## Recorded data
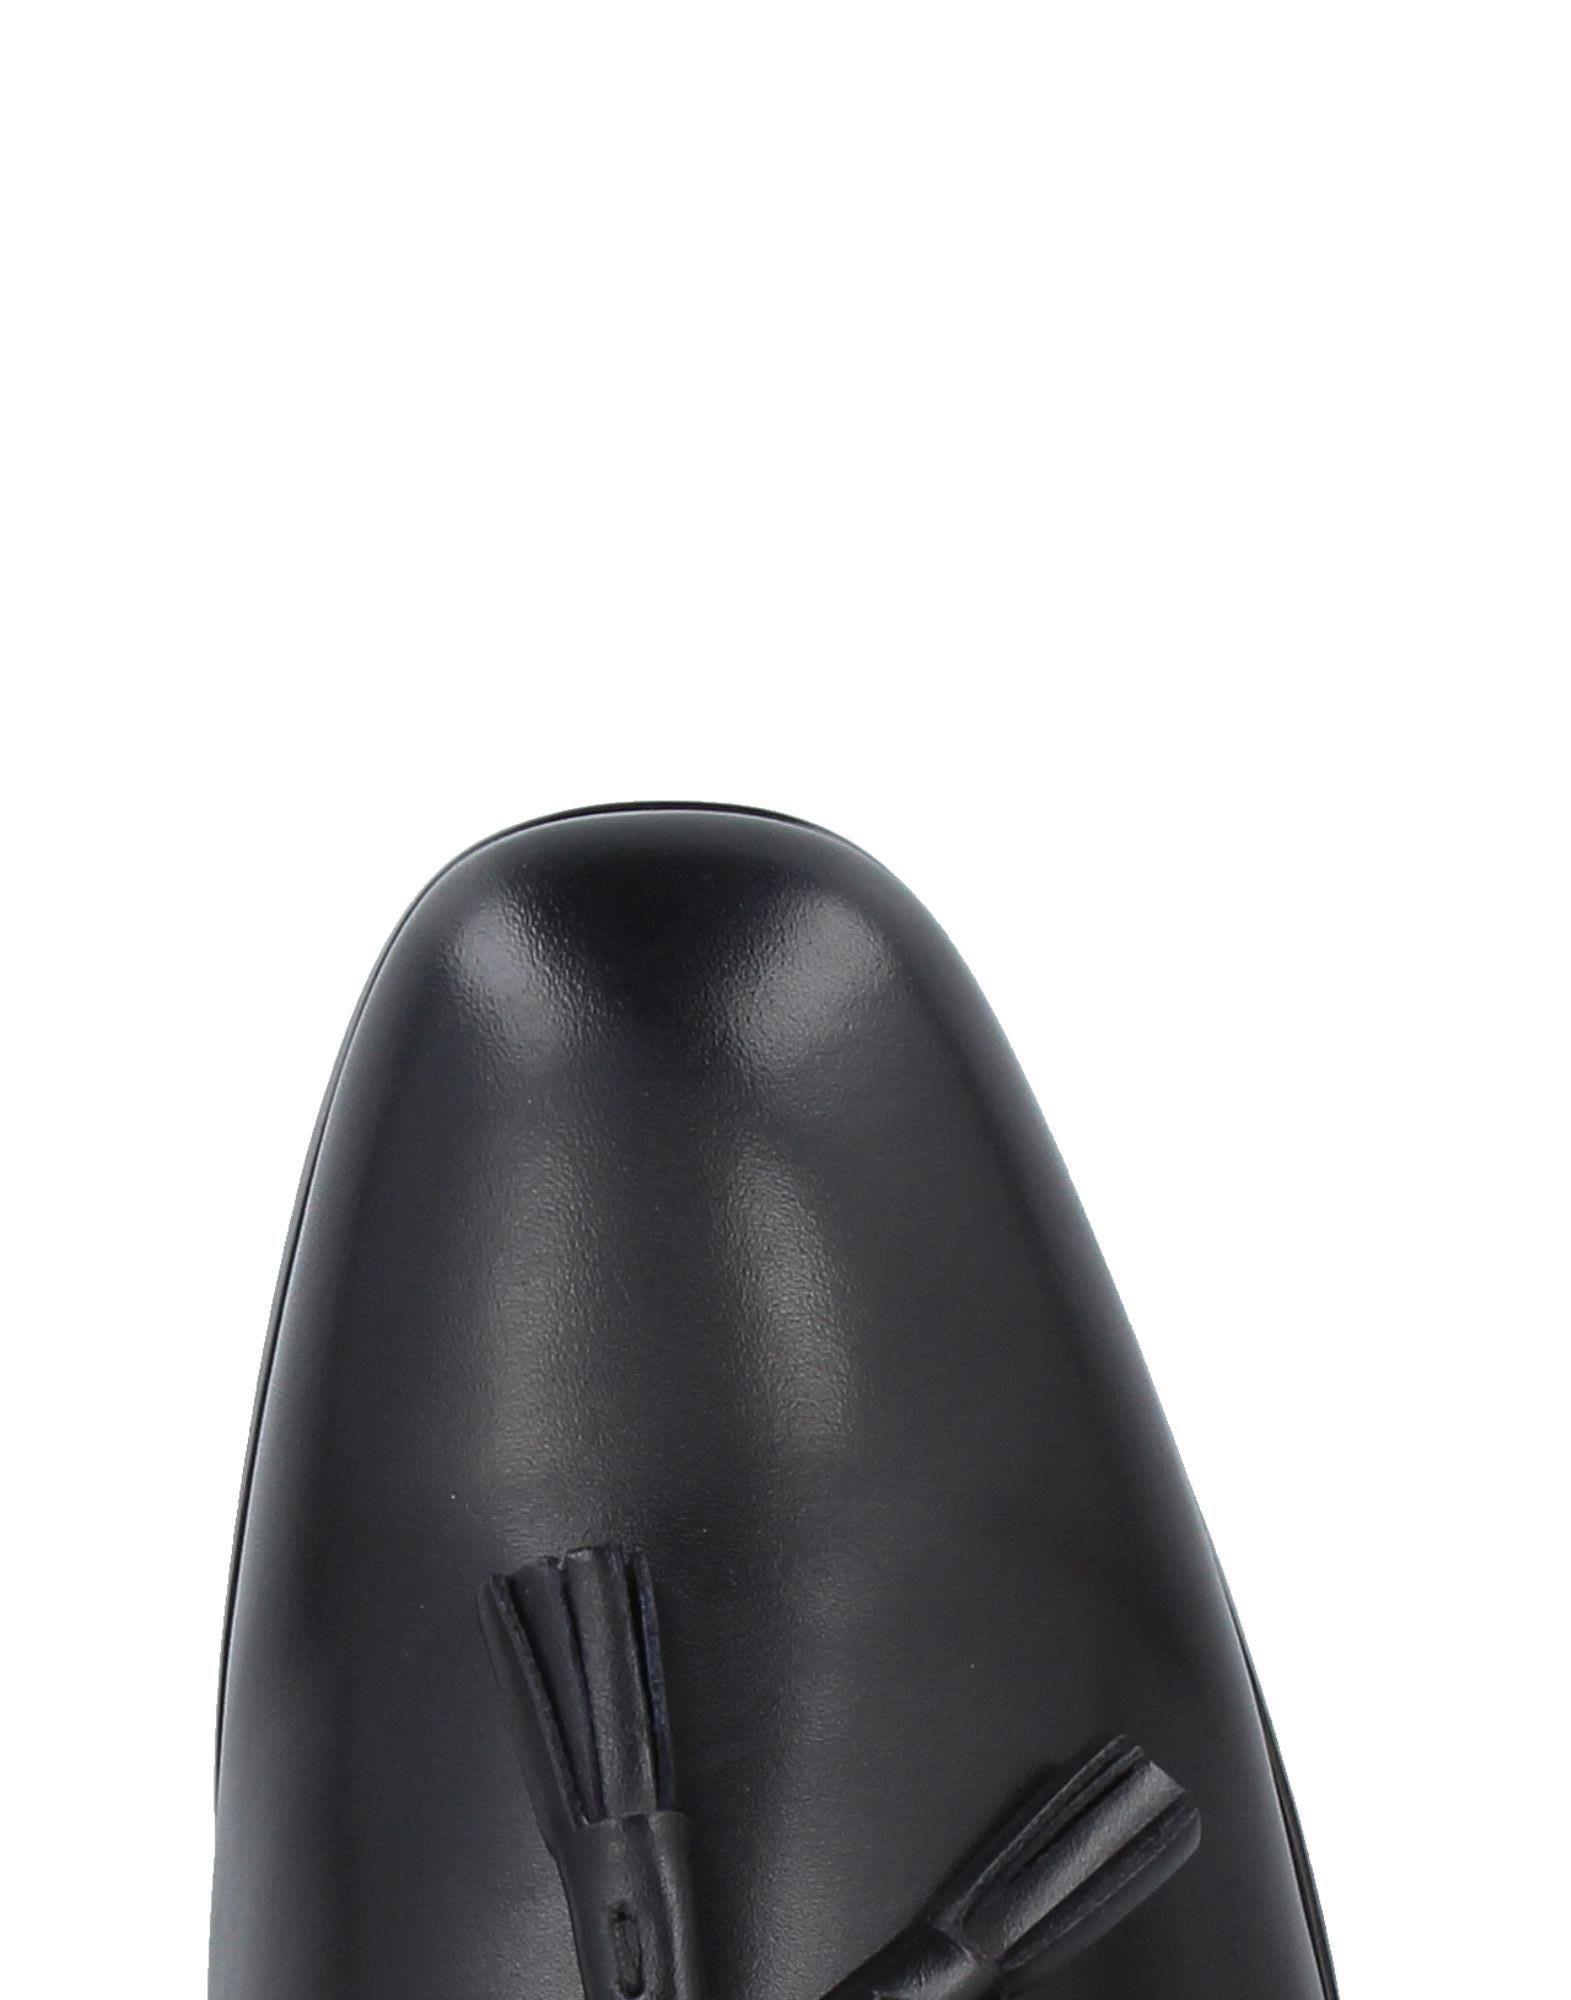 Salvatore Ferragamo Gute Mokassins Herren  11397889WI Gute Ferragamo Qualität beliebte Schuhe f74a63
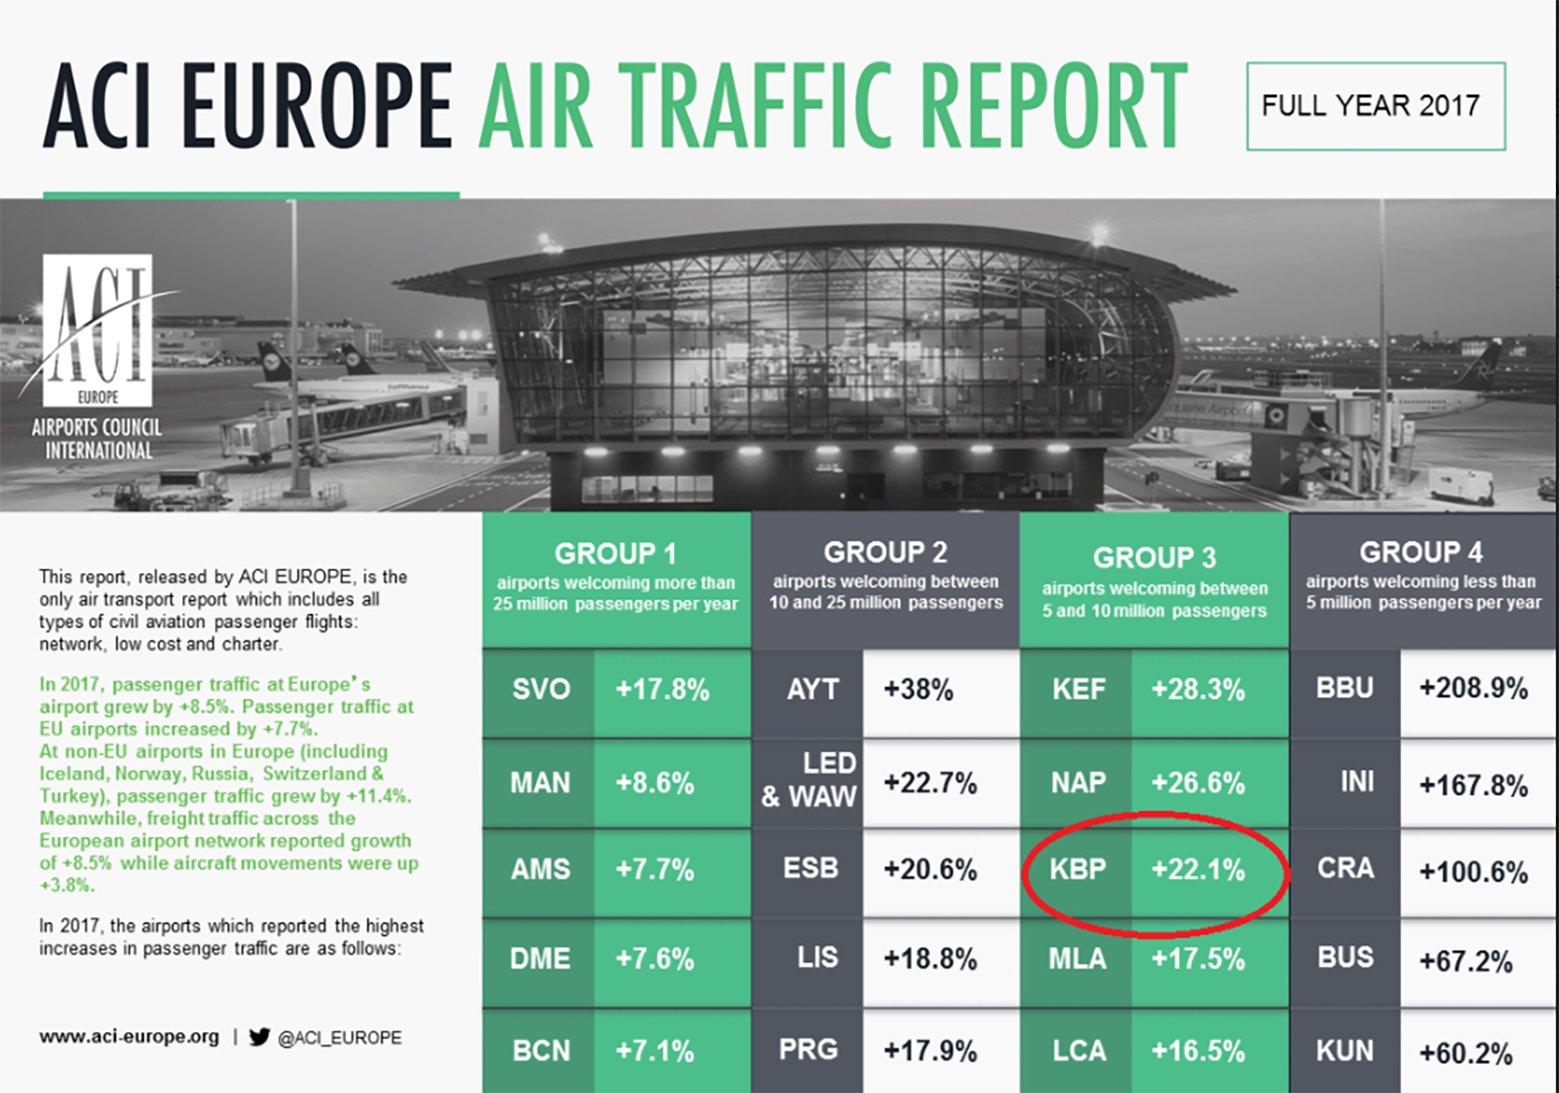 какое место занимает аэропорт
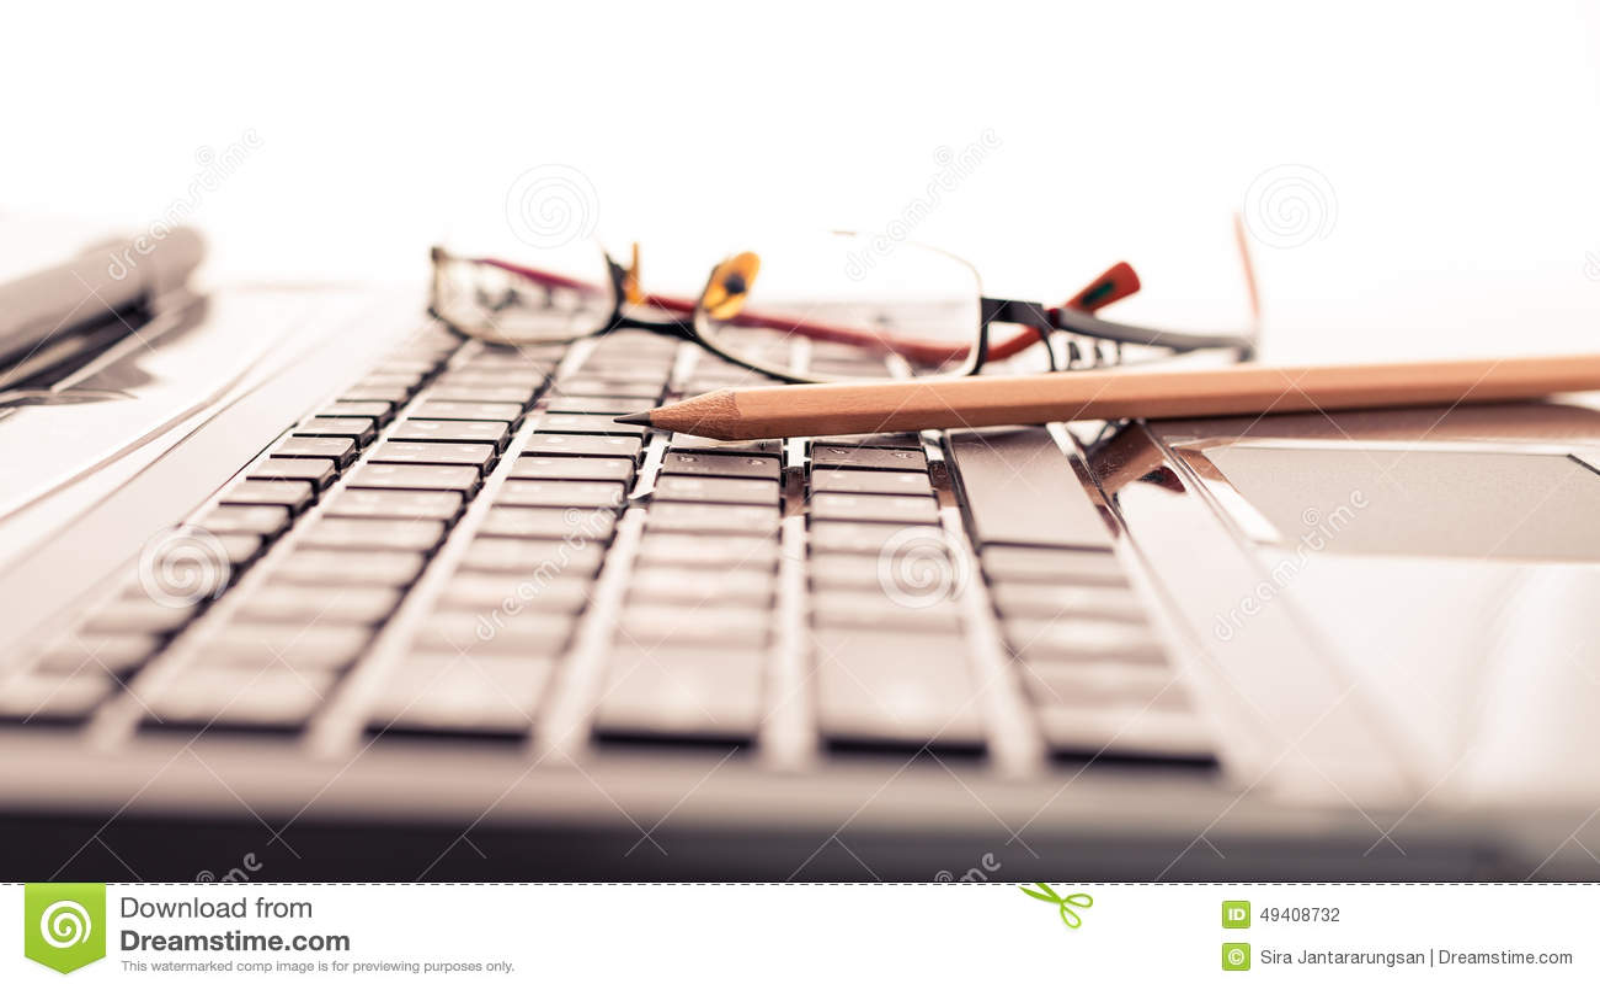 Download Moderner Geschäftsschreibtisch Mit Laptop, Bleistift Und Gläsern Stockfoto - Bild von laptop, informationen: 49408732

## What the task asks
All the lines above are to be given again exactly as they read, with the pictures removed.

## Reply to the task
 Salvatore Ferragamo Gute Mokassins Herren  11397889WI Gute Ferragamo Qualität beliebte Schuhe f74a63
 какое место занимает аэропорт
 Download Moderner Geschäftsschreibtisch Mit Laptop, Bleistift Und Gläsern Stockfoto - Bild von laptop, informationen: 49408732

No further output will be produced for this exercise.